64.

«Se mi spiega», rispose il Maccadò cui non era sfuggito l’uso del lei da parte del Malversati.

Umiltà fittizia?, si chiese.

Una mossa volpina affinché si generasse in lui un po’ di compassione e allentasse le redini?

Meglio, decise, continuare il gioco del finto tonto.

Che si spiegasse quindi se voleva che lui lo capisse. E continuasse pure a usare il lei, musica per le sue orecchie se usciva da simili labbra.

Il Maccadò, principiò a raccontare il Malversati, doveva innanzitutto comprendere una cosa: che la denuncia dell’aggressione subita, il furto o sparizione comunque lo si volesse chiamare di...

«Insomma...» sospese il Malversati.

«Insomma, cosa?» finse di non capire il maresciallo.

«Di alcune mutande», soffiò l’ispettore di produzione.

Ohibò!

Ci sarebbe stata bene come battuta trattandosi di una commediola. Il maresciallo se la risparmiò, temendo di esagerare.

Ligio al ruolo si limitò a chiedere.

«Alcune? Intende più di una?»

«Pare siano tre o quattro», confessò il Malversati.

Ma non era il numero a contare, aggiunse frettolosamente.

«No?» fece il maresciallo.

Il gesto piuttosto.

L’ignobile gesto che naturalmente qualificava gli anonimi autori...

«Feccia!» si arrampicò il Malversati.

Una feccia che agendo così aveva voluto mettere lui e la sua famiglia alla gogna.

«E perché mai?» osò il maresciallo.

Sapeva di giocare una carta estrema fingendo uno stupore al limite con l’idiozia. La vanità del Malversati lo protesse dall’essere scoperto.

«Ma via, maresciallo!» rispose infatti quello.

Via, non sentiva di già anche lui il mormorio di soddisfazione di tutti gli invidiosi per la gran carriera che l’aveva portato in vetta?

Non gli pareva di vedere le risate di scherno qualora si fosse palesato subito l’oggetto del furto?

L’intimità sua e della sua famiglia offerta in pasto a chiunque se ne volesse cibare!

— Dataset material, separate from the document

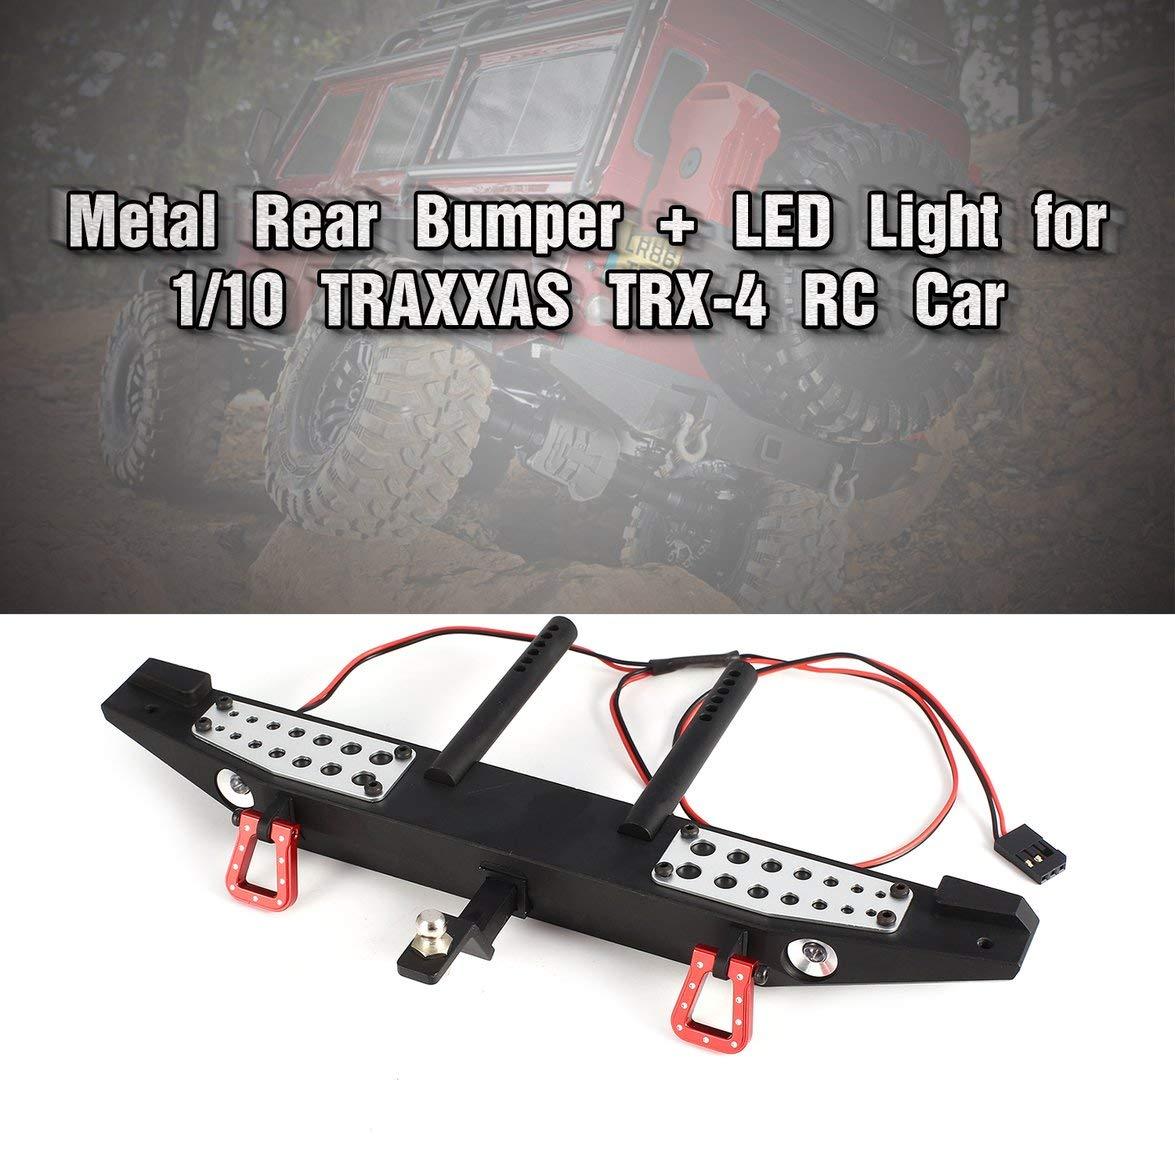 Luz LED Partes de autom/óviles RC Accesorios para escala 1//10 Axial SCX10 Traxxas TRX-4 D90 RC Rock Crawler-Negro-1 Tama/ño Parachoques trasero de metal

E fosse stato solo per lui, poteva anche sopportare.

«Ma...»

Il Malversati a quel punto fece una pausa a effetto, dopodiché assunse con decisione un tono lirico.

Era alla moglie che andava il suo pensiero.

La immaginava vivere nel ludibrio pubblico, costretta diuturnamente a subire occhiate, pettegolezzi, e chissà cos’altro mentre lui, lontano per le ovvie ragioni di lavoro, non poteva intervenire a difenderne l’onore.

Perciò si permetteva di chiedere comprensione al maresciallo.

Che soprassedesse, così come aveva deciso di fare lui, sull’accaduto e chiudesse la questione.

«Nulla osta», rispose il Maccadò.

«Sapevo di poter contare su di voi», rispose il Malversati.

L’umiltà del lei era di già andata a farsi benedire.

«Ma certo», assicurò il Maccadò, «e parimenti io so di poter contare su di lei.»

Il Malversati si oscurò.

Non fu per il lei che il Maccadò aveva rimarcato con la voce.

Temeva...

«In che senso?» chiese.

Nel senso che, spiegò il maresciallo, come da ordine che aveva precedentemente emanato, gradiva nel suo ufficio la presenza della signora Verzetta Cece in Malversati alla quale, avendone diritto e dovere, avrebbe mostrato l’oggetto del furto o sparizione che dir si voglia.

«Dopodiché, sentito il parere della signora, potremo chiudere la storia.»

Il Malversati fu lì per dire qualcosa.

Il maresciallo non gliene diede il tempo. Si alzò dalla sedia.

«Col vostro permesso», disse.

Aveva usato il voi, ma di proposito, chiudendo un altro atto della commedia.

Quindi dalla soglia chiamò il carabiniere Caldiluna che di lì a poco si trovò di fronte alla verità nuda e cruda.